Développement du système de l’obligation de servir
Depuis quelque temps, l’armée et la protection civile rencontrent des difficultés à recruter et conserver suffisamment de personnel pour remplir leurs tâches. Sous la conduite du SEPOS, des mesures à court et moyen termes sont développées avec le concours de l’armée et les offices concernés.
Le système de l’obligation de servir détermine qui doit accomplir quel type de service – au sein de l’armée, de la protection civile ou du service civil. Les hommes sont en principe astreints au service militaire. S’ils rejettent ce dernier pour des raisons de conscience, ils peuvent accomplir le service civil.

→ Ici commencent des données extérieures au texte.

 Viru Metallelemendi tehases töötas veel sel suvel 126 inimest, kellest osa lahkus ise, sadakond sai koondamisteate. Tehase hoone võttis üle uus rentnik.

S’ils ne peuvent pas servir dans l’armée pour des raisons médicales, ils sont affectés à la protection civile.
Depuis quelque temps, tant l’armée que la protection civile ont des difficultés croissantes à recruter et à garder à long terme suffisamment de personnel. Le manque d’effectifs ne permet plus d’assurer durablement des tâches fondamentales – de la défense à la protection de la population en passant par l’aide en cas de catastrophe. La garantie de l’alimentation de l’armée et de la protection civile constitue donc un défi crucial pour la politique de sécurité.

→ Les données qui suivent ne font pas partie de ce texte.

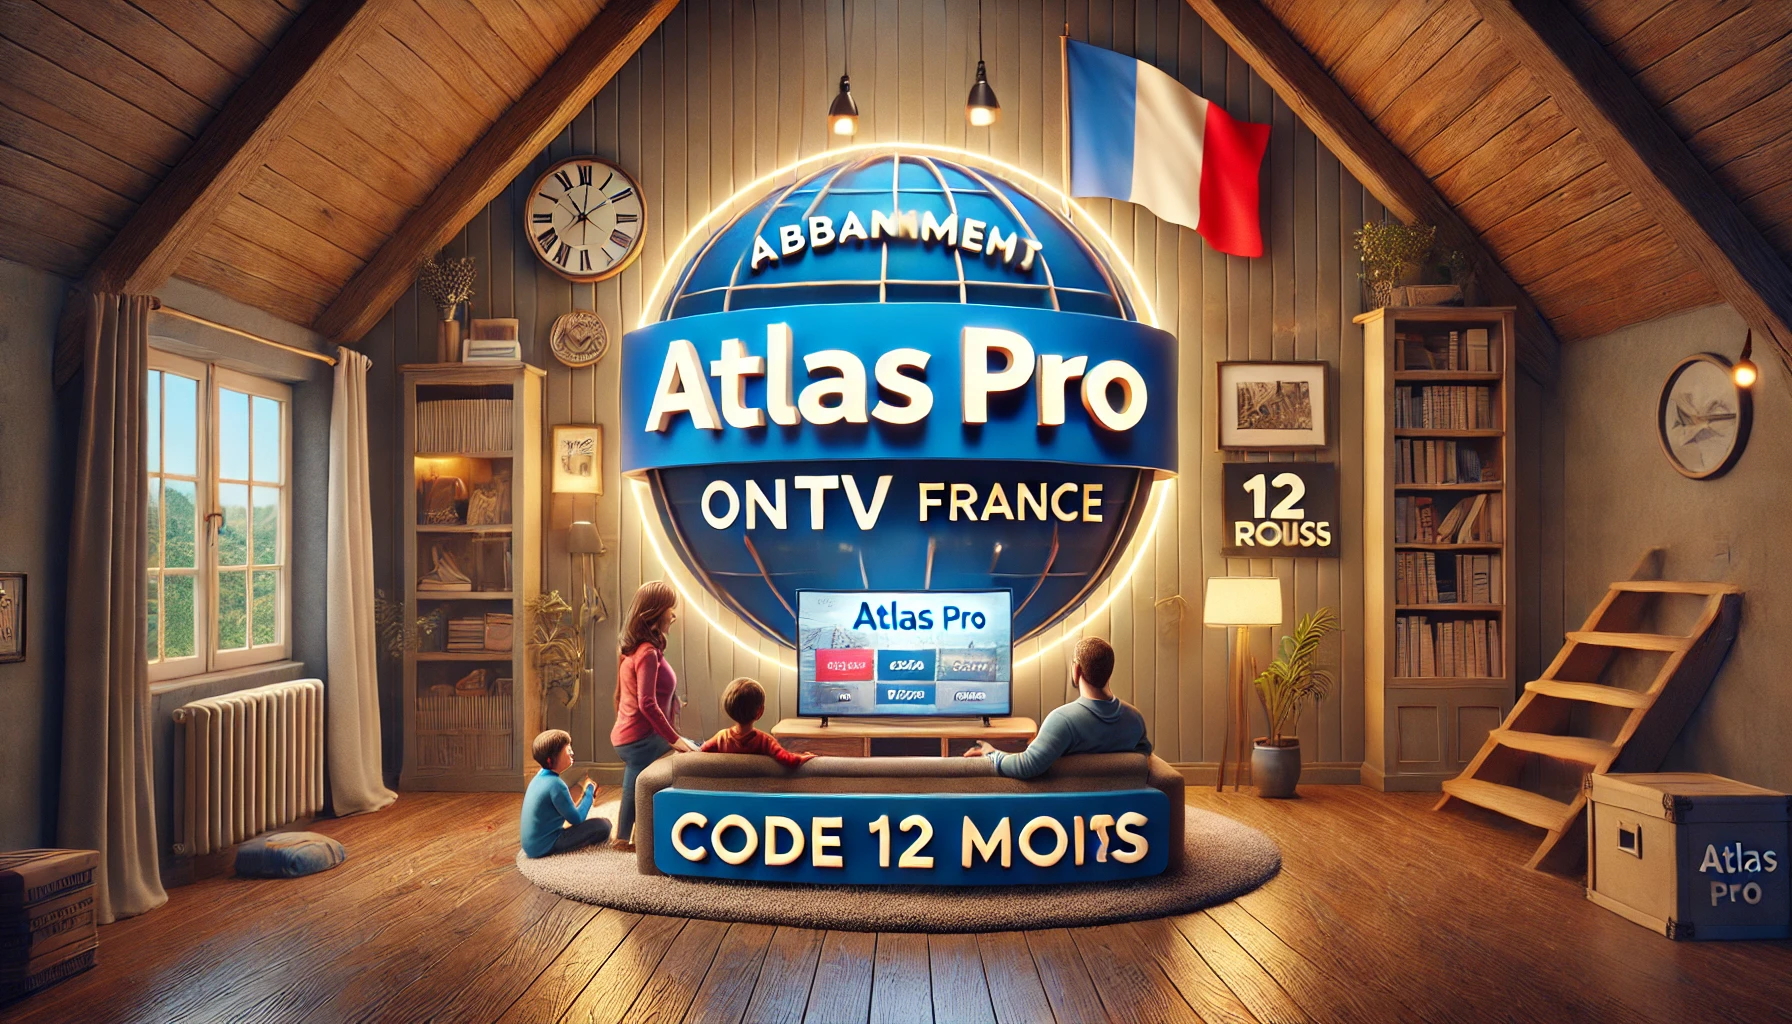 Atlas pro - ABONNEMENT ATLAS PRO ONTV FRANCE | CODE 12 MOIS

Le Conseil fédéral a chargé le Département fédéral de la défense, de la protection de la population et des sports (DDPS) d’élaborer des solutions en collaboration avec le Département fédéral de l’économie, de la formation et de la recherche (DEFR). Sous la conduite du SEPOS, des mesures à court et moyen termes ont été développées avec le concours de l’armée, de l’Office fédéral de la protection de la population, de l’Office fédéral du service civil (rattaché au DEFR) et de la Conférence gouvernementale des affaires militaires, de la protection civile et des sapeurs-pompiers. Elles incluaient par exemple la rédaction du message du Conseil fédéral relatif à l’initiative populaire « Pour une Suisse qui s’engage (initiative service citoyen) », laquelle prévoyait pour les hommes et les femmes suisses une obligation de servir dans l’intérêt de la société et a été rejetée par la population.
En parallèle, le SEPOS évalue avec tous les offices fédéraux concernés s’il est possible de développer le système de l’obligation de servir dans son ensemble et, le cas échéant, comment, afin qu’il continue de répondre aux exigences de la politique de sécurité tout en tenant compte des évolutions et des besoins de la société. À l’été 2025, le Parlement a décidé d’introduire l’obligation de servir dans la sécurité, qui prévoit la fusion du service civil et de la protection civile et été examinée par le DDPS comme variante pour développer le système de l’obligation de servir.